Even though the School Committee majority of Bergandy, Wright and Danielle Coulter voted to ask for the study, Rearick said an in-depth discussion about phasing out the high school is premature because he has barely started compiling data. But others at a recent meeting wanted to talk about it.

Does she go on to quote Tiverton Citizens for Change President Dave Nelson, who stated at the meeting that TCC opposes closing the high school — or reducing any services, for that matter? No. Does she pass on the commentary of one townie who proclaimed loudly and often that Tiverton’s retirement communities are “a cancer on our community”? Nope; not newsworthy. How about the words of another concerned citizen who opposed closing the high school? No. Rather, the focus of her article is Tiverton’s top partisan, and here’s her next paragraph:

“This is something that had so many people in the public so upset we felt that frankly we should let them know there are people who share their angst with that type of solution,” said Charles Moran, chairman of the Tiverton Democratic Town Committee.

The only problem is that Moran didn’t speak at the meeting. Indeed, I didn’t even notice him there (although he may have been in the crowded room, somewhere).

Taking the time to attend town government meetings, and summoning the fortitude to speak at them, is valuable and important for all sorts of reasons. But getting your message to the readers of the Newport Daily News apparently should not be one of them, unless you’re a member of the Democrat Town Committee, that is; then you don’t even have to go.

My following of the Town Council’s doings has slipped, a bit, I’m afraid, so I’ve only picked up hints and news reports of the ongoing battle between council members and Town Treasurer Phil DiMattia:

A grab-bag of issues gave rise to the questioning, which were numerous and remained largely unresolved. It was unclear at meeting’s end what actions the treasurer would take in response to the council’s expressed concerns. In addition, there were other known questions that went unasked due to Mr. DiMattia’s unexpected departure.

One issue discussed at length was a $46,267 item listed in the annual financial audit, that appeared as a public works “expenditure” in the restricted landfill closure account.

With Mr. DiMattia before them at the witness table, council members fired away.

As a restricted account, the landfill money is not supposed to be available for spending. Other issues that the members raised had to do with the absence of interest reported on sewer interceptor bonds, questions with reporting of abatements, and spending on an audit that the council expresses authority to approve.

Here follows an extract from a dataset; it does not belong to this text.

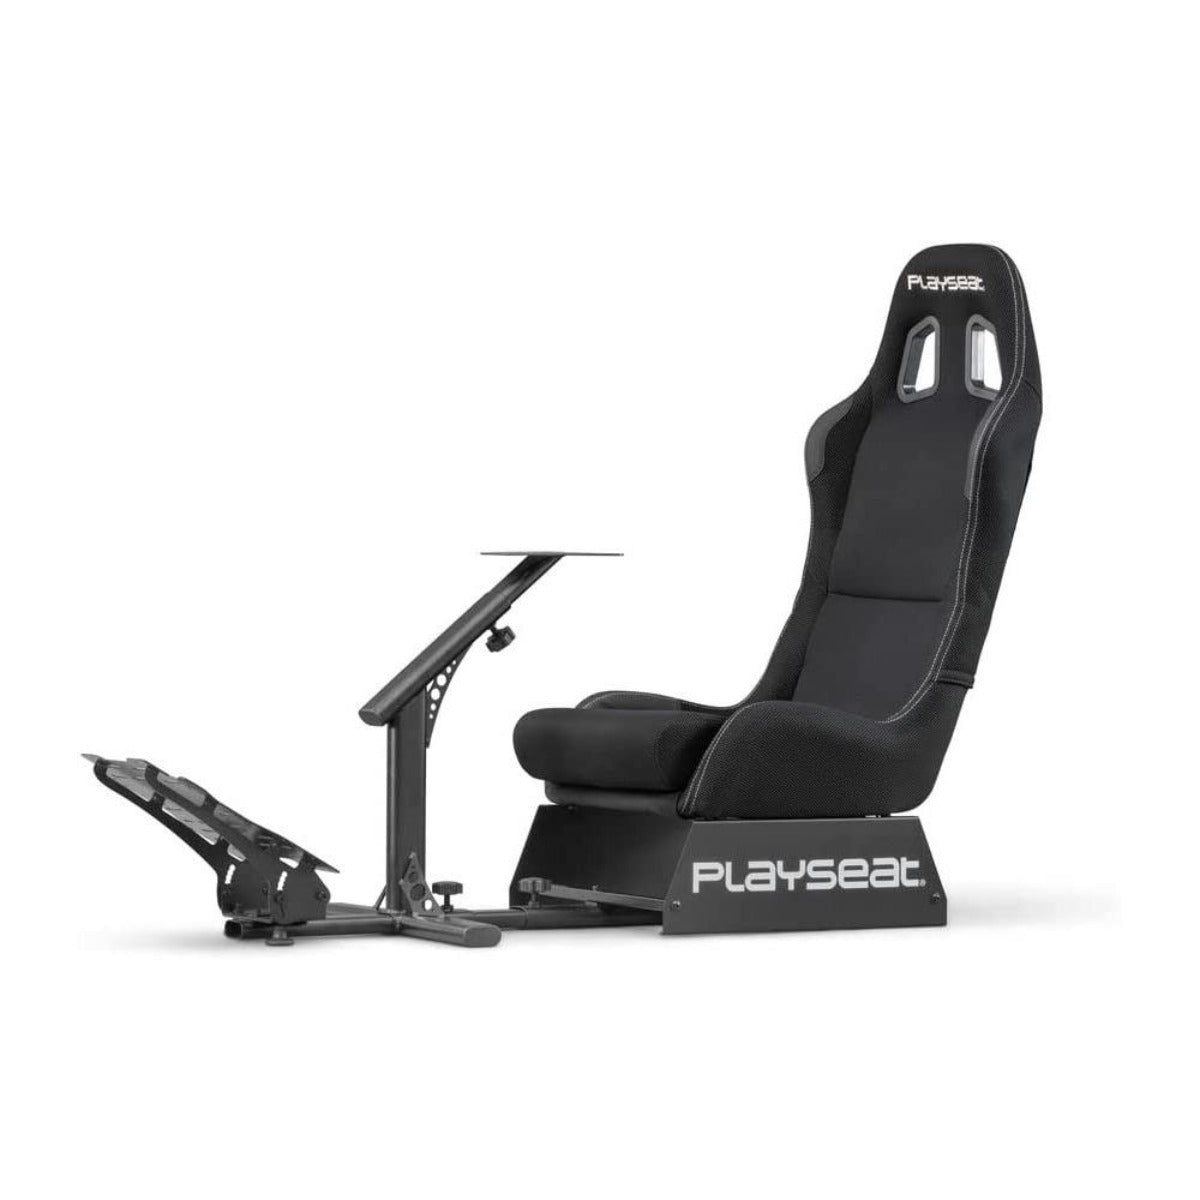 Playseat Evolution Actifit Black Racing Simulator Seat

No accusations of wrongdoing have been made, that I’ve seen.

Mr. DiMattia published a letter in yesterday’s Newport Daily News that addressed such issues:

The article states incorrectly that there are outstanding financial reports that are overdue on revenues, expenditures and interest income. I have completed all financial reports through January 2010 and issued an 82-page investment report to the Town Council. The council and I agreed that as treasurer, I will prepare an investment report on a quarterly basis and the next investment report is due in April.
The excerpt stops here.